TASK TO COMPLETE: Among the entries below, which lines run from the line with "Robot Check White" through the line with "Cotswolds historic stone"? Retype those, both ends included, exactly and without pictures.

ENTRIES PROVIDED:

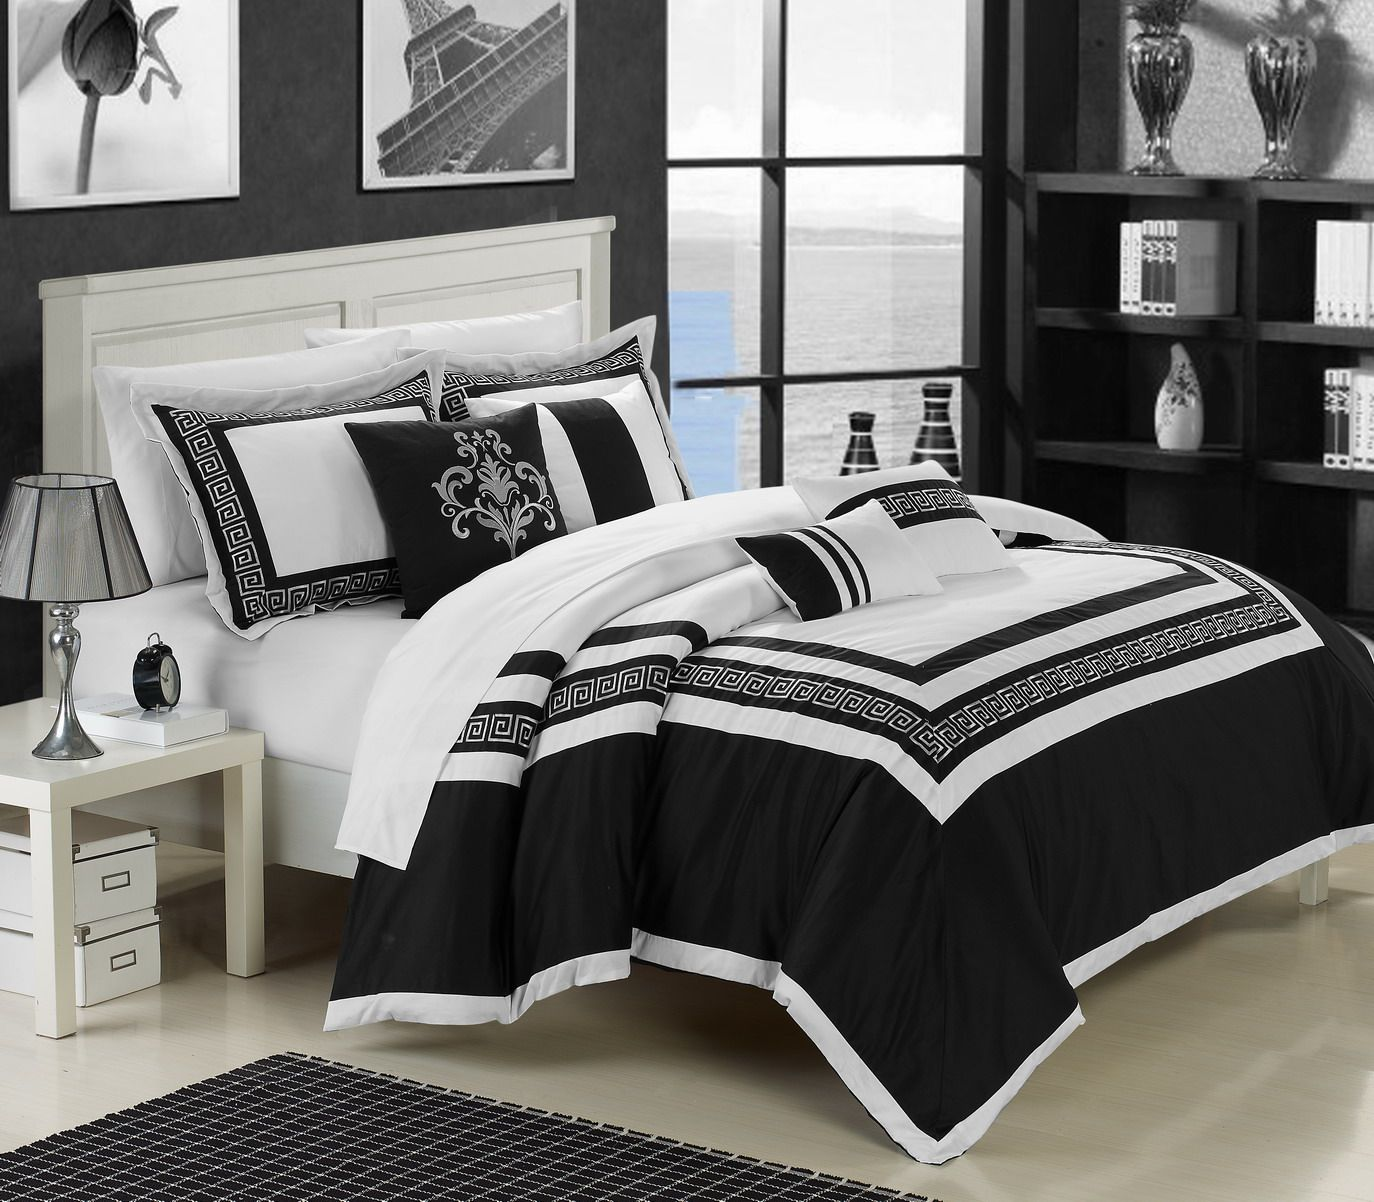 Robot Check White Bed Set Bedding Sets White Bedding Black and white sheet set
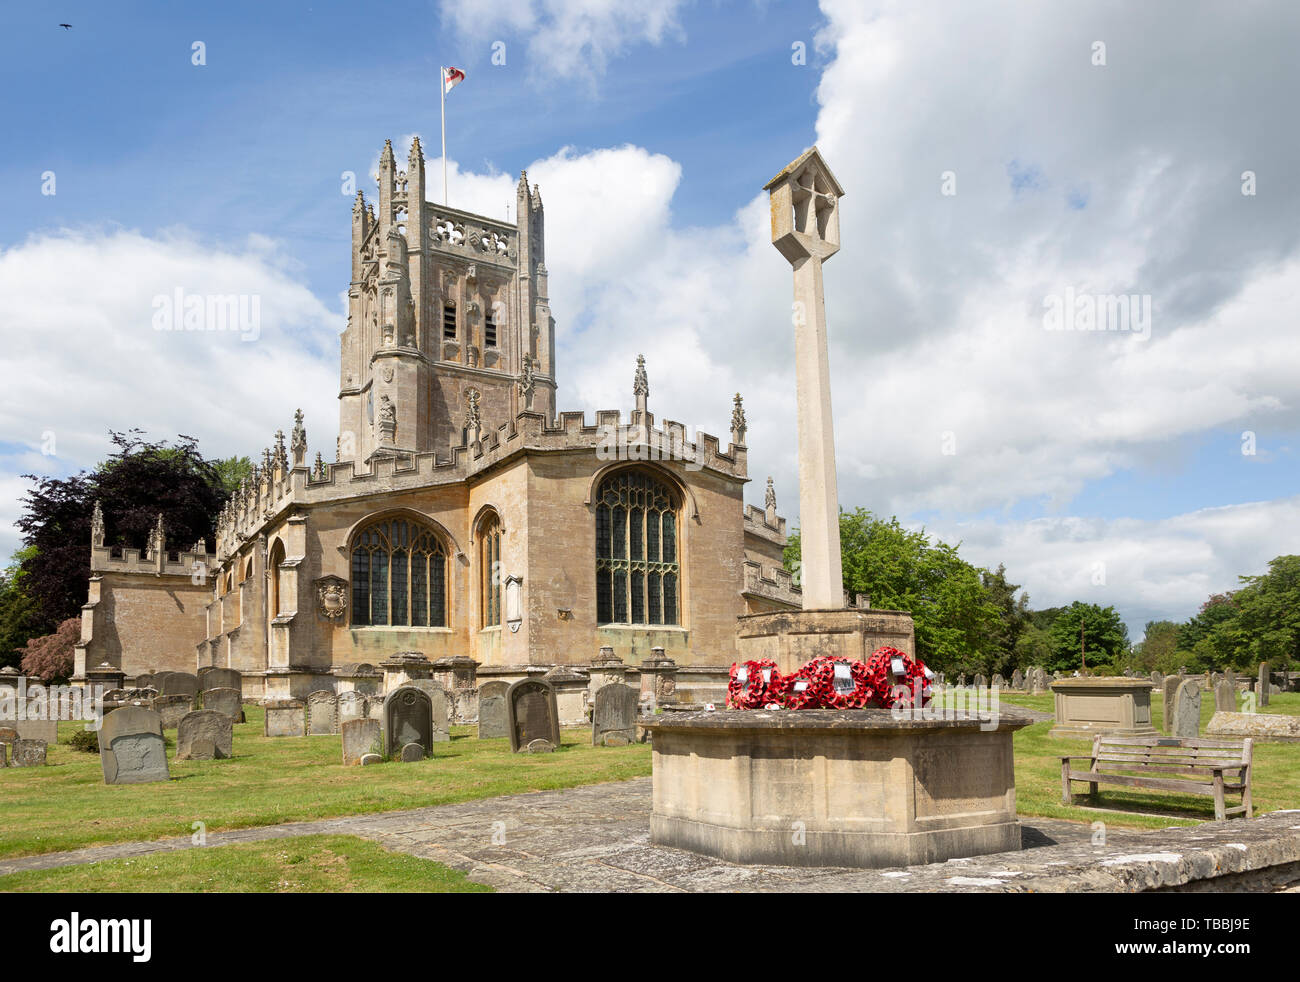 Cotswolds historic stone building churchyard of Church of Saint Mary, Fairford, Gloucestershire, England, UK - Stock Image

--

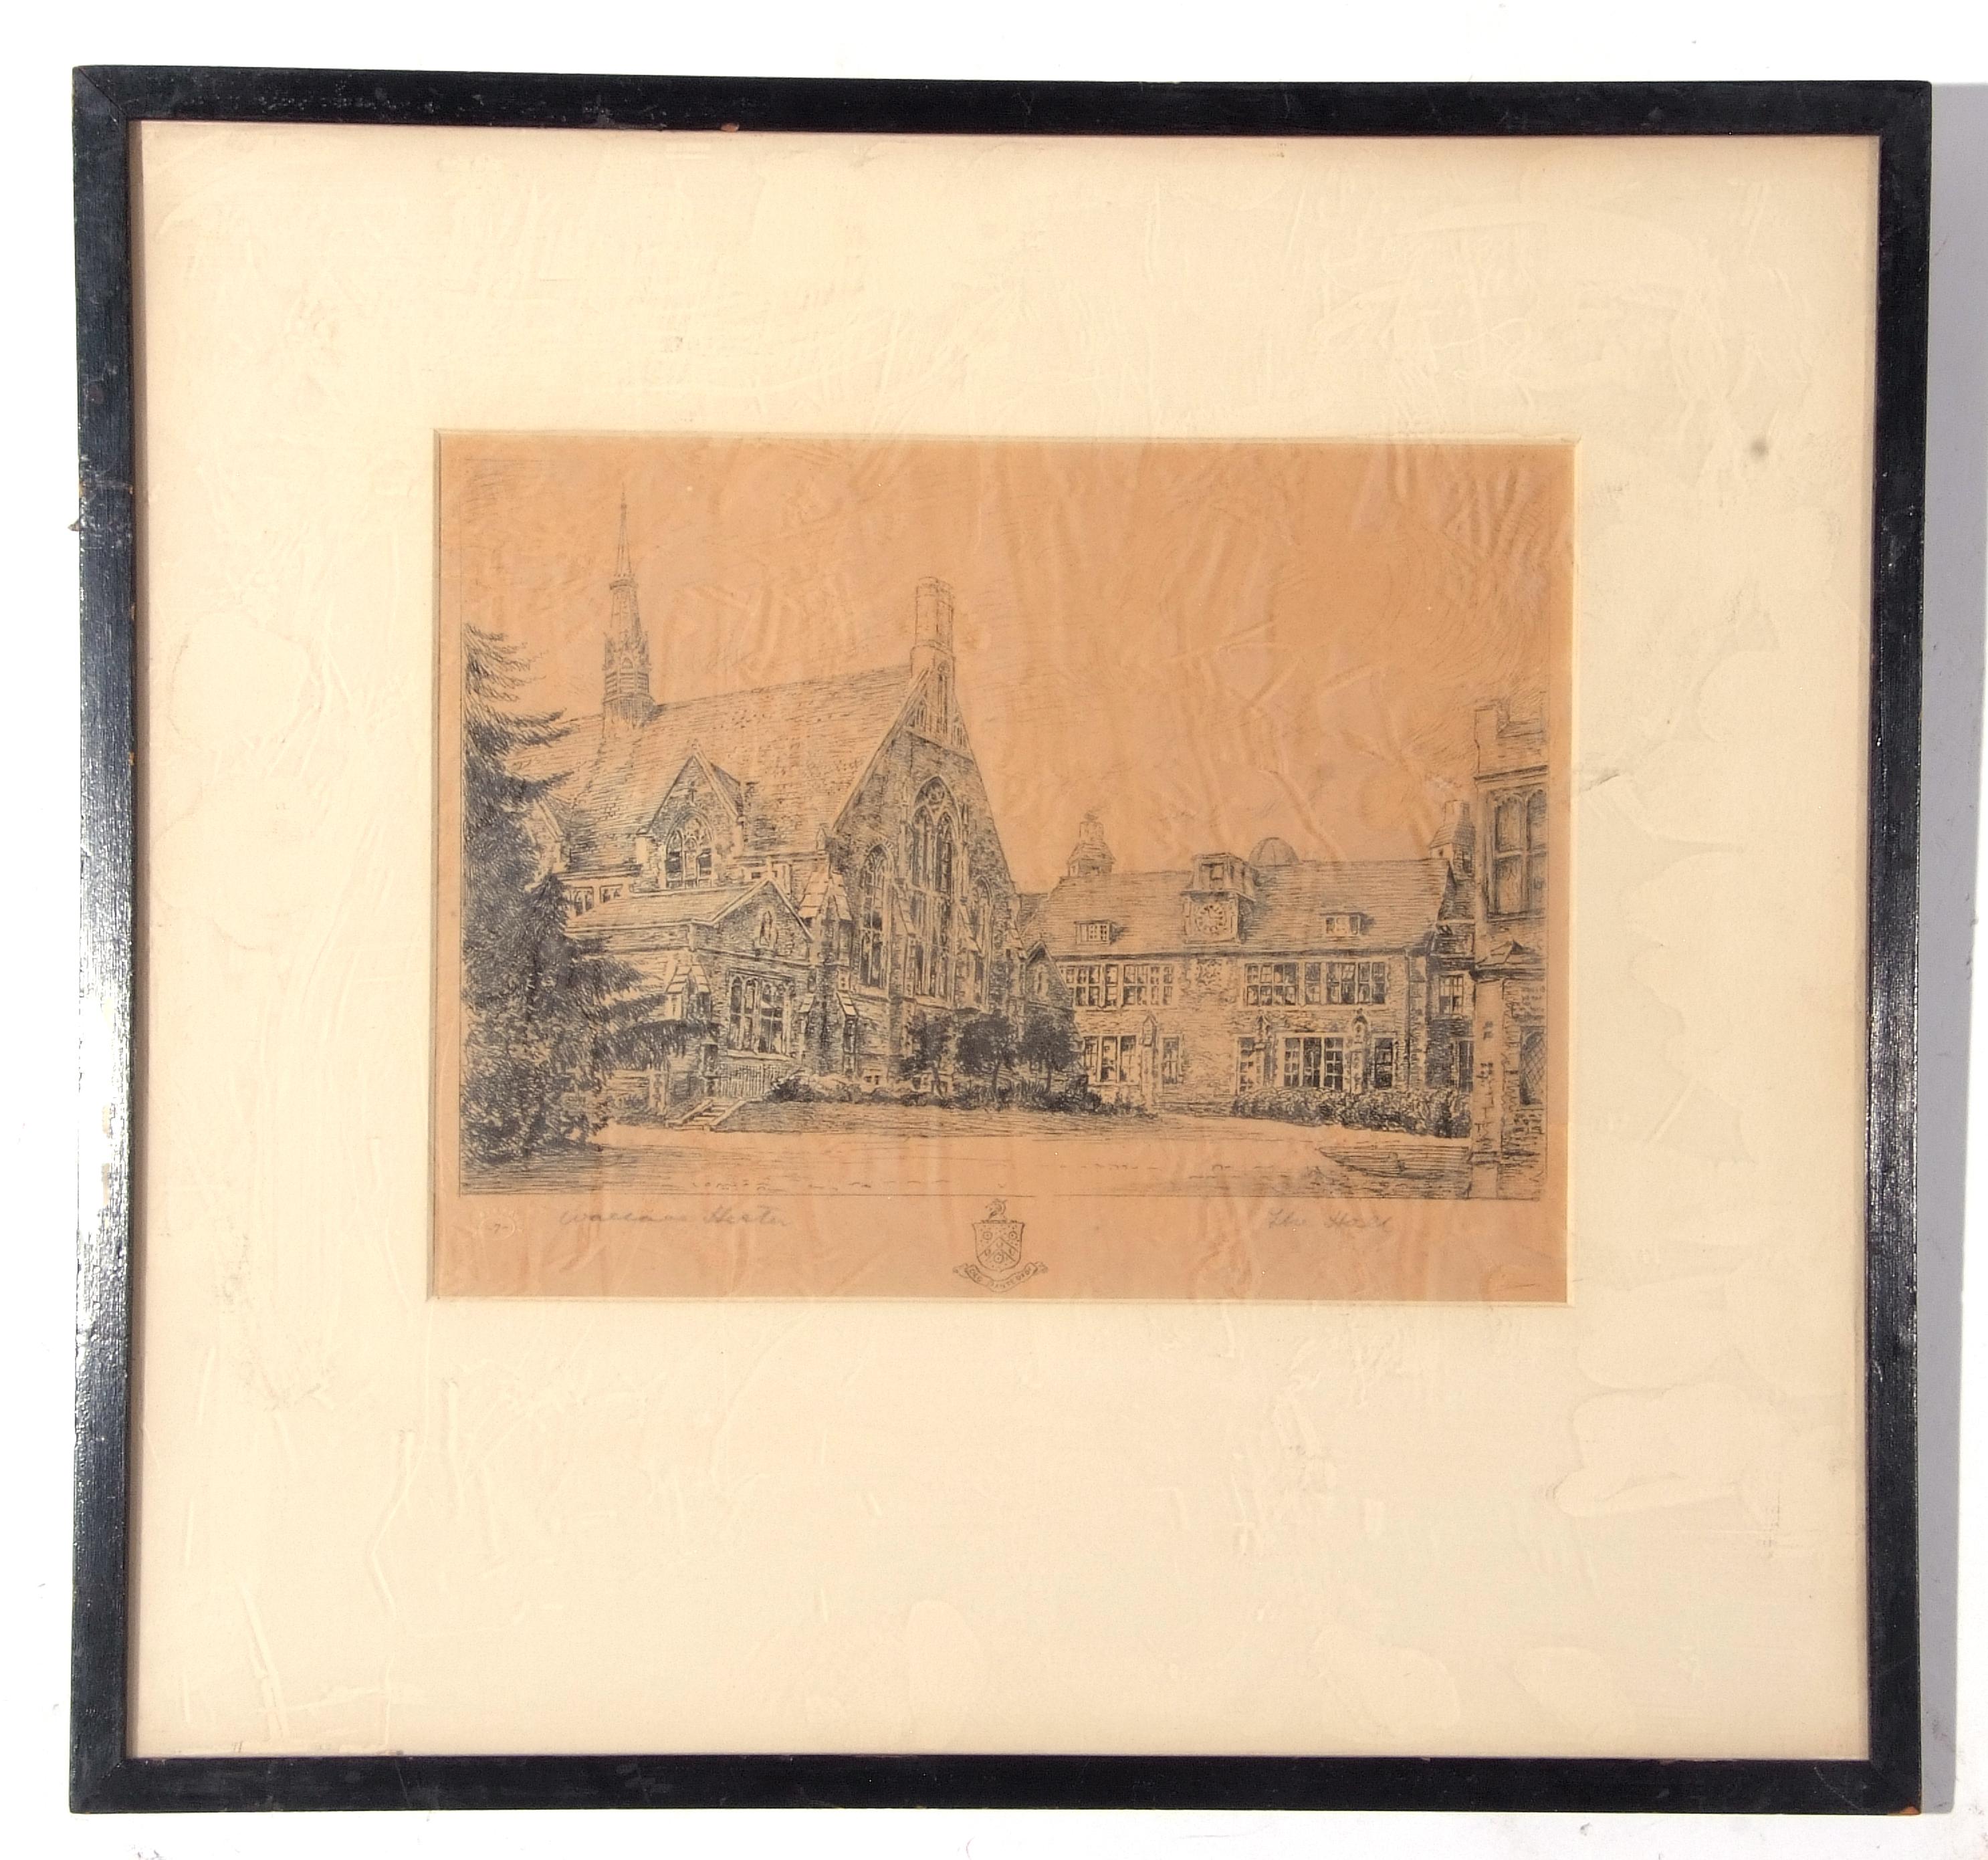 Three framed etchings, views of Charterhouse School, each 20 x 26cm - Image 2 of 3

EXERCISE SOLUTION:
 Robot Check White Bed Set Bedding Sets White Bedding Black and white sheet set
 Cotswolds historic stone building churchyard of Church of Saint Mary, Fairford, Gloucestershire, England, UK - Stock Image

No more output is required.